Novel ini juga menyajikan cukup detil mengenai rahasia resep yang membuat citarasa sebatang rokok kretek dikangeni oleh para pecinta rokok, mulai memilih daun tembakau dan cengkeh yang berkualitas, lalu perbandingan ukuran antara tembakau, cengkeh dan saus-nya. Citarasa rokok Kretek Gadis kuncinya justru ada di ludah sang gadis saat mengelem kertas rokoknya, sehingga banyak kalangan yang menganggap kalau Gadis Kretek  ini titisan dari Rara Mendut. Masing-masing pabrik rokok mempunyai saus rahasia yang sengaja disimpan dan tak dibocorkan kepada orang lain kecuali bagi anak keturunannya yang memang ditunjuk untuk meneruskan pengelolaan pabrik rokok.

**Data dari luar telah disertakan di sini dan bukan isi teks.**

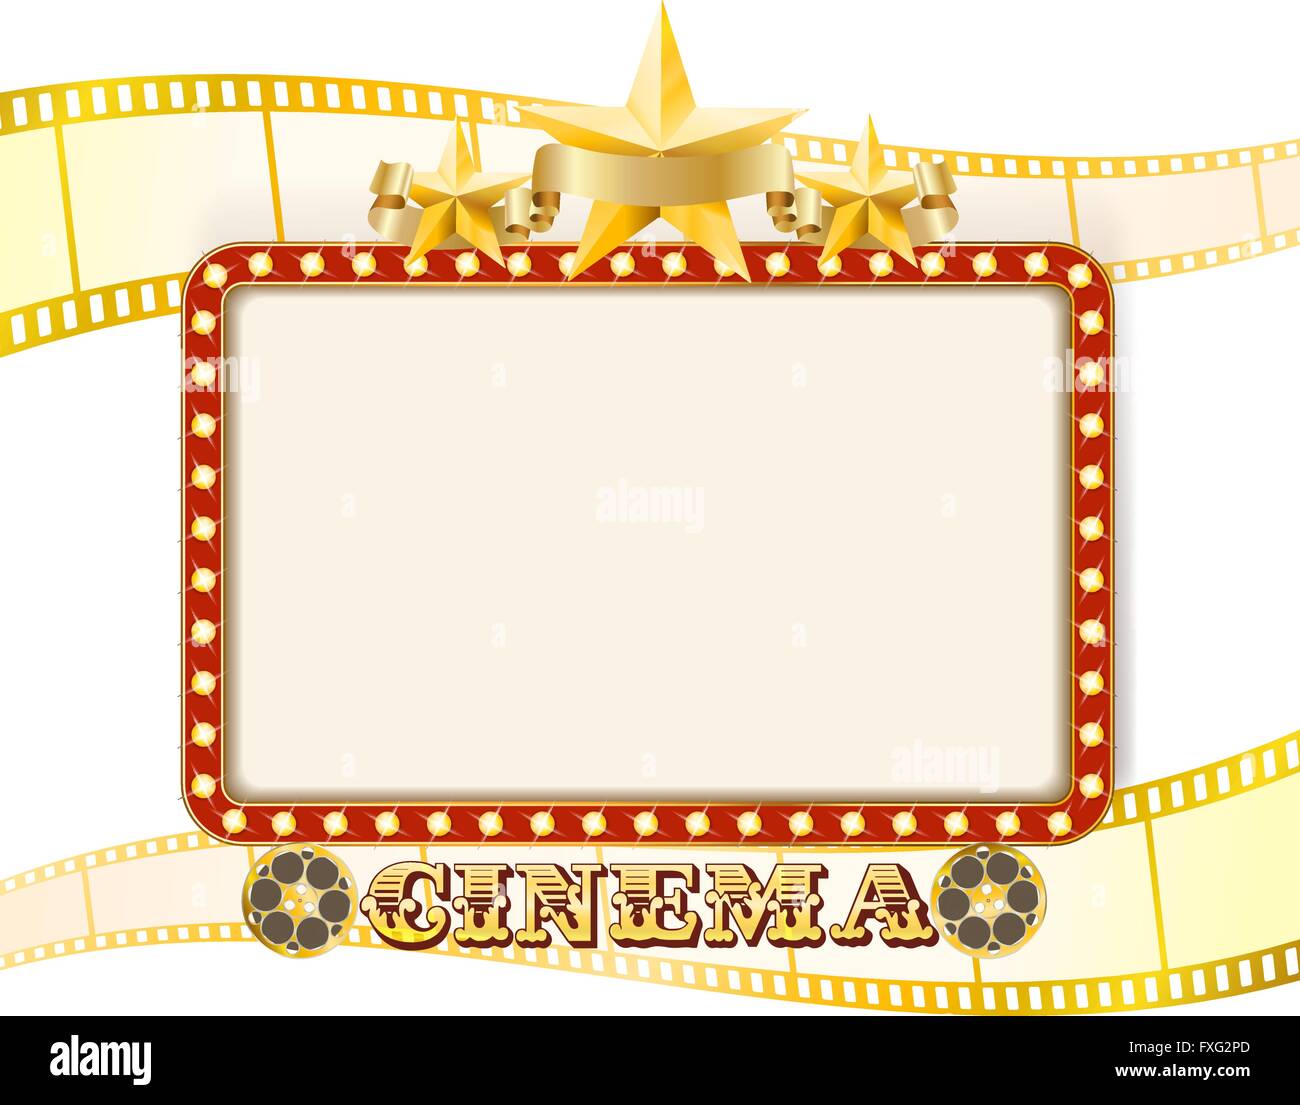 Retro-Kino Zeichen Banner mit Lichtern, Stars, Film-Streifen und rollt. Vektor Stock Vektor

Cerita novel ini mengambil latar belakang Kota M(untilan), Kudus dan Jakarta. Adalah Soeraja – bos rokok kretek Djagad Raja, yang dalam sekarat menyebut satu nama perempuan yang bernama Jeng Yah. Sebuah nama yang membuat istri Soeraja kembali terbakar rasa cemburunya. Anak-anak Soeraja: Tegar, Karim dan Lebas pergi ke Kota Kudus dan Kota M untuk mencari keberadaan Jeng Yah. Cerita mengalir dengan cerdas dengan gaya tutur flashback. Dan sungguh, di akhir cerita Ratih membuat saya terkejut. Penyebutan nama Jeng Yah oleh Soeraja pada saat sekarat ternyata nggak melulu perkara cinta!

Kami bertiga terdiam, tak tahu harus bagaimana. Di benakku terbayang Romo yang tadi dimasukkan ke liang lahat. Rahasianya hampir saja terkubur, jika tidak kuisap Kretek Gadis, Romo mungkin ingin bertemu dengan Jeng Yah karena dikejar dosa, membocorkan formula saus rahasia. (hal 269).

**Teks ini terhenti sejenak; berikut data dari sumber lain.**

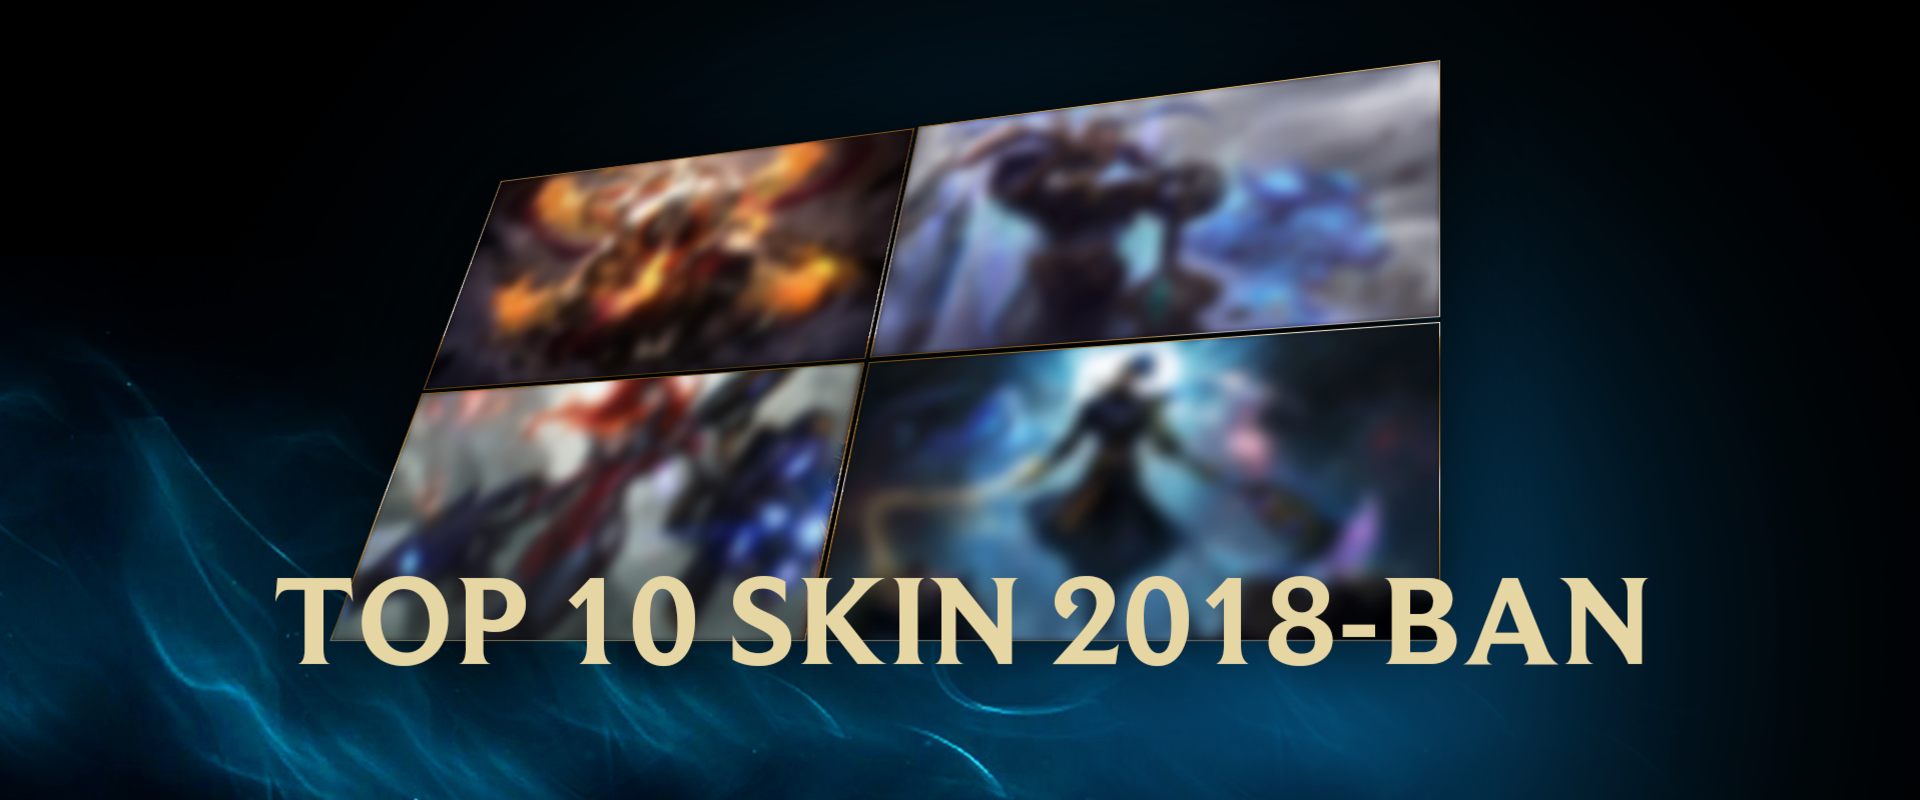 A 10 legjobb skin 2018-ban, szerintetek!

Meskipun dalam dunia bisnis curi-mencuri resep sebagian kalangan ‘menghalalkan’ namun ada juga pengusaha yang berbisnis secara jujur. Novel ini mencontohkannya dengan sikap manajemen PT Djagad Raja (hal 273):

Jeng Yah membukanya, dan membaca, berisi surat permohonan maaf resmi dari Kretek Djagad Raja atas pencurian formula saus Kretek Gadis. Serta betapa kami, keturunannya, menyesal baru mengetahuinya sekarang. Lalu diakhiri dengan niat baik untuk membeli secara resmi formula saus Kretek Gadis untuk dipertimbangkan menjadi nama dagang yang dikelola oleh PT Djagad Raja. Jeng Yah kaget.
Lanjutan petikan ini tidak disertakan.